Library

library(rvest)
library(tidyverse)
library(htm2txt) # convert html to txt. 
library(reshape2)
library(gt)

10-K: https://www.sec.gov/files/form10-k.pdf

10-Q: https://www.sec.gov/files/form10-q.pdf

1. Parameters

Here we use the filing from APPLE:

# 1. parameters ---- 
filing_qrt <- "QTR2" # the filing quarter 
loc_file <- "Edgar filings_full text/Form 10-Q/320193/320193_10-Q_2015-07-22_0001193125-15-259935.txt"

# 2. import filing -----
filing <- readLines(loc_file) # read txt filing 

2. Function to Extract Filing Info

Function filing.header extracts the filing information from the header.

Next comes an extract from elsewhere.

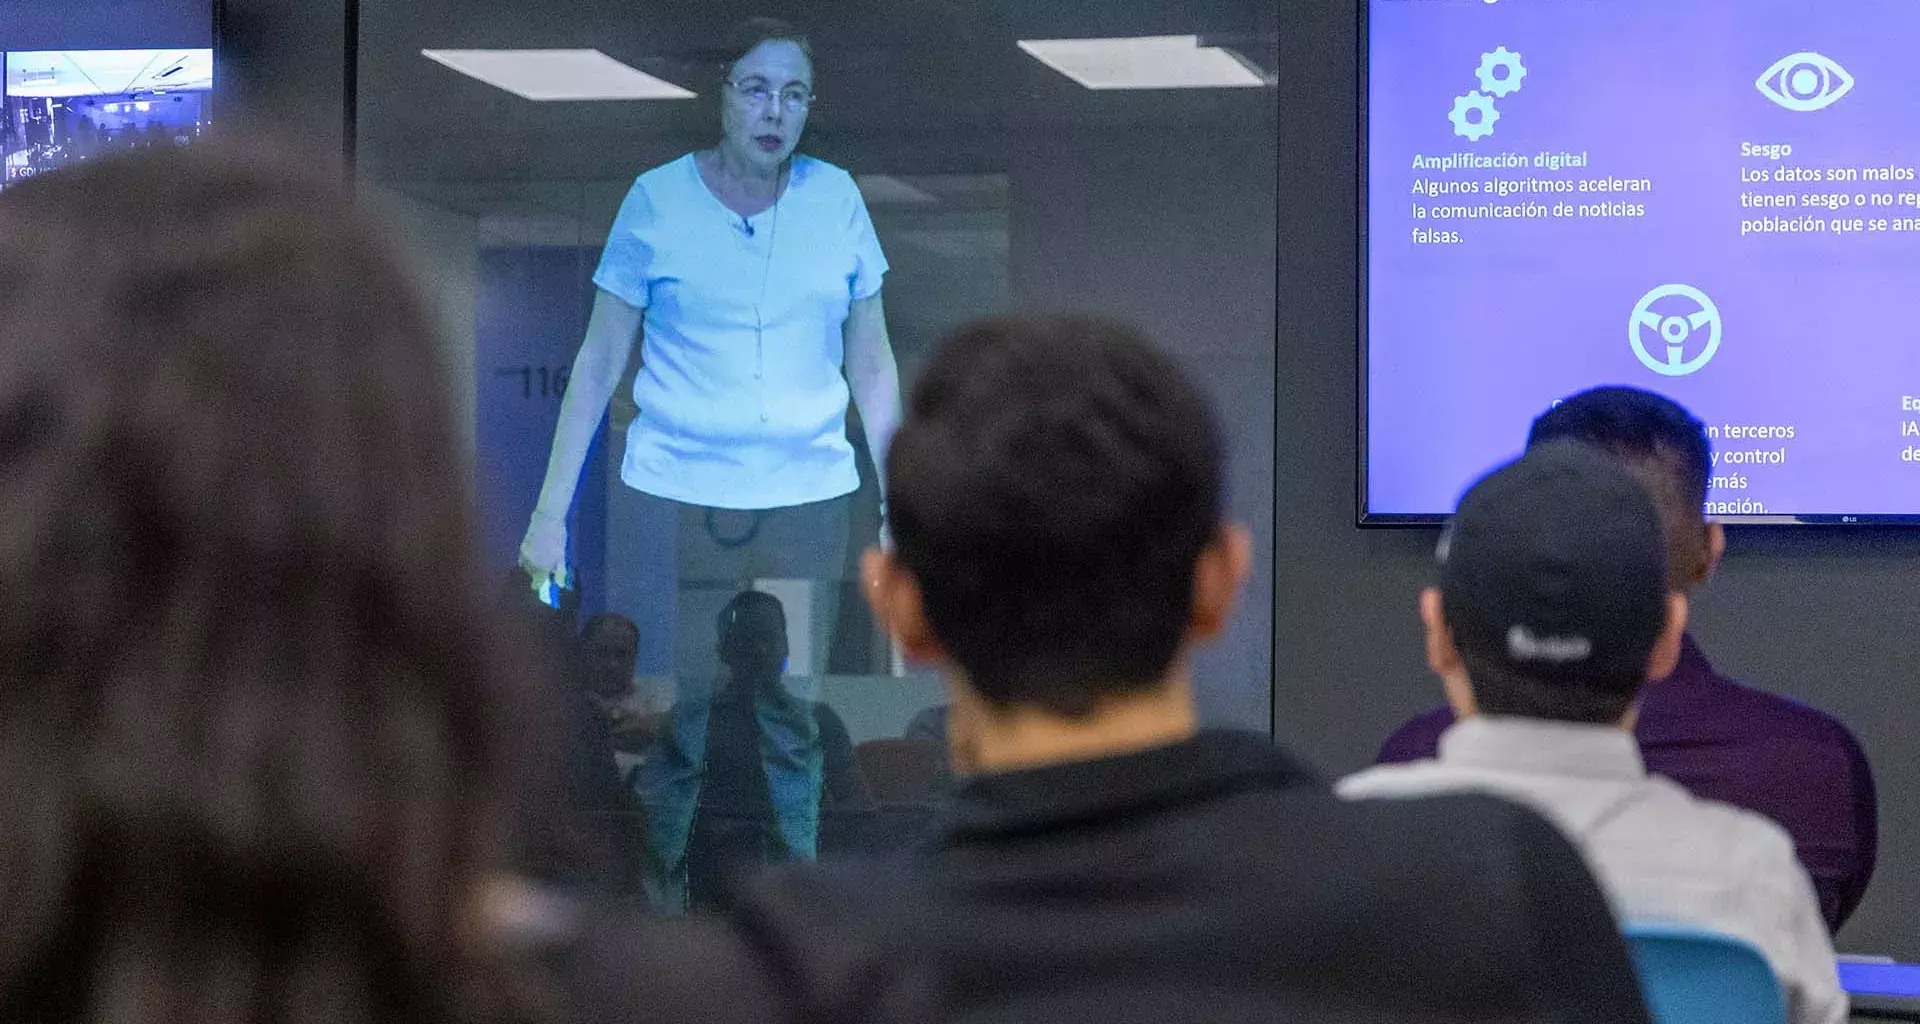 Profesora Holograma durante la clase en 11 campus 
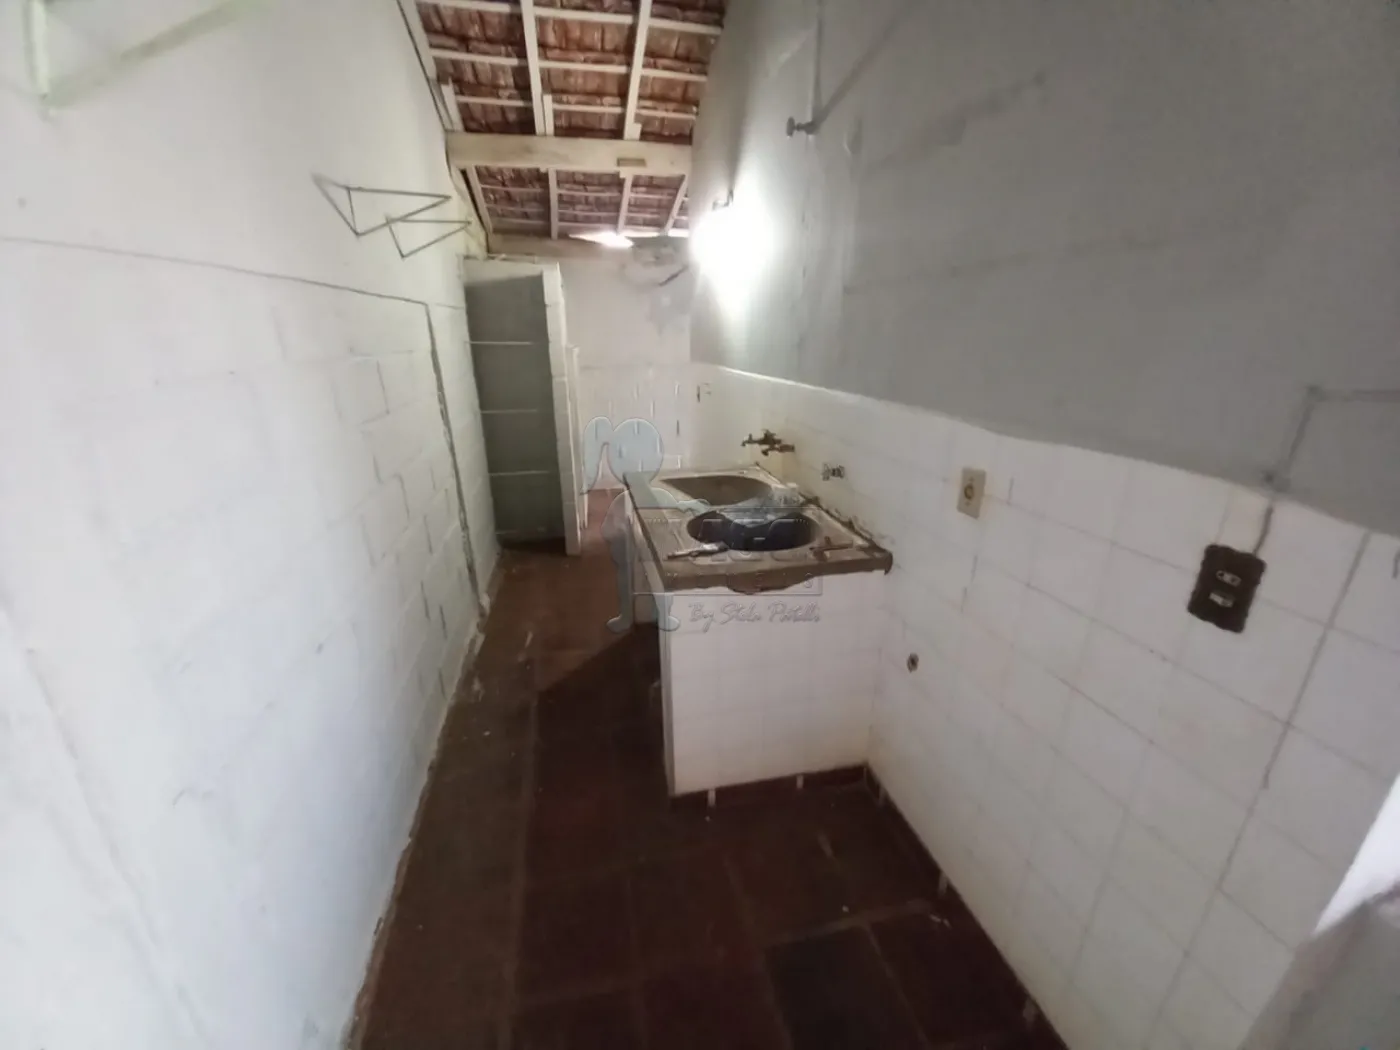 Alugar Casa / Padrão em Ribeirão Preto R$ 1.700,00 - Foto 14

filing.header <- function(x, # the file 
                          regex_header = 'ACCESSION NUMBER:|</SEC-HEADER>' # the regex of the start to end of the header section in the filing
) { # parse filing header info 
  header <- grep(pattern = regex_header, x = filing, perl = T)
  header_cleaned <- str_squish(x[header[1]:(header[2]-1)]) 
  header_info <- str_split_fixed(header_cleaned[header_cleaned != ""], 
                           pattern = ":\\s", 2)
  return(header_info)
}

The extracted filing info looks like this:

filing_header <- filing.header(x = filing)
  filing_type <- filing_header[2,2] # get the filing type (10-Q/K)  
  filing_cik <- filing_header[10,2] # get cik 

gt(data = as.data.frame(filing_header)) %>%
  cols_label(V1 = "Label", V2 = "Info")
Label Info
ACCESSION NUMBER 0001193125-15-259935
CONFORMED SUBMISSION TYPE 10-Q
PUBLIC DOCUMENT COUNT 11
CONFORMED PERIOD OF REPORT 20150627
FILED AS OF DATE 20150722
DATE AS OF CHANGE 20150722
FILER:
COMPANY DATA:
COMPANY CONFORMED NAME APPLE INC
CENTRAL INDEX KEY 0000320193
STANDARD INDUSTRIAL CLASSIFICATION ELECTRONIC COMPUTERS [3571]
IRS NUMBER 942404110
STATE OF INCORPORATION CA
FISCAL YEAR END 0927
FILING VALUES:
FORM TYPE 10-Q
SEC ACT 1934 Act
SEC FILE NUMBER 001-36743
FILM NUMBER 151000501
BUSINESS ADDRESS:
STREET 1 ONE INFINITE LOOP
CITY CUPERTINO
STATE CA
ZIP 95014
BUSINESS PHONE (408) 996-1010
MAIL ADDRESS:
STREET 1 ONE INFINITE LOOP
CITY CUPERTINO
STATE CA
ZIP 95014
FORMER COMPANY:
FORMER CONFORMED NAME APPLE COMPUTER INC
DATE OF NAME CHANGE 19970808

3. Function to Extract Table of Content(s) and Locate Item of Interest

Function filing.toc extracts the Table of Content(s) (toc) from the filing.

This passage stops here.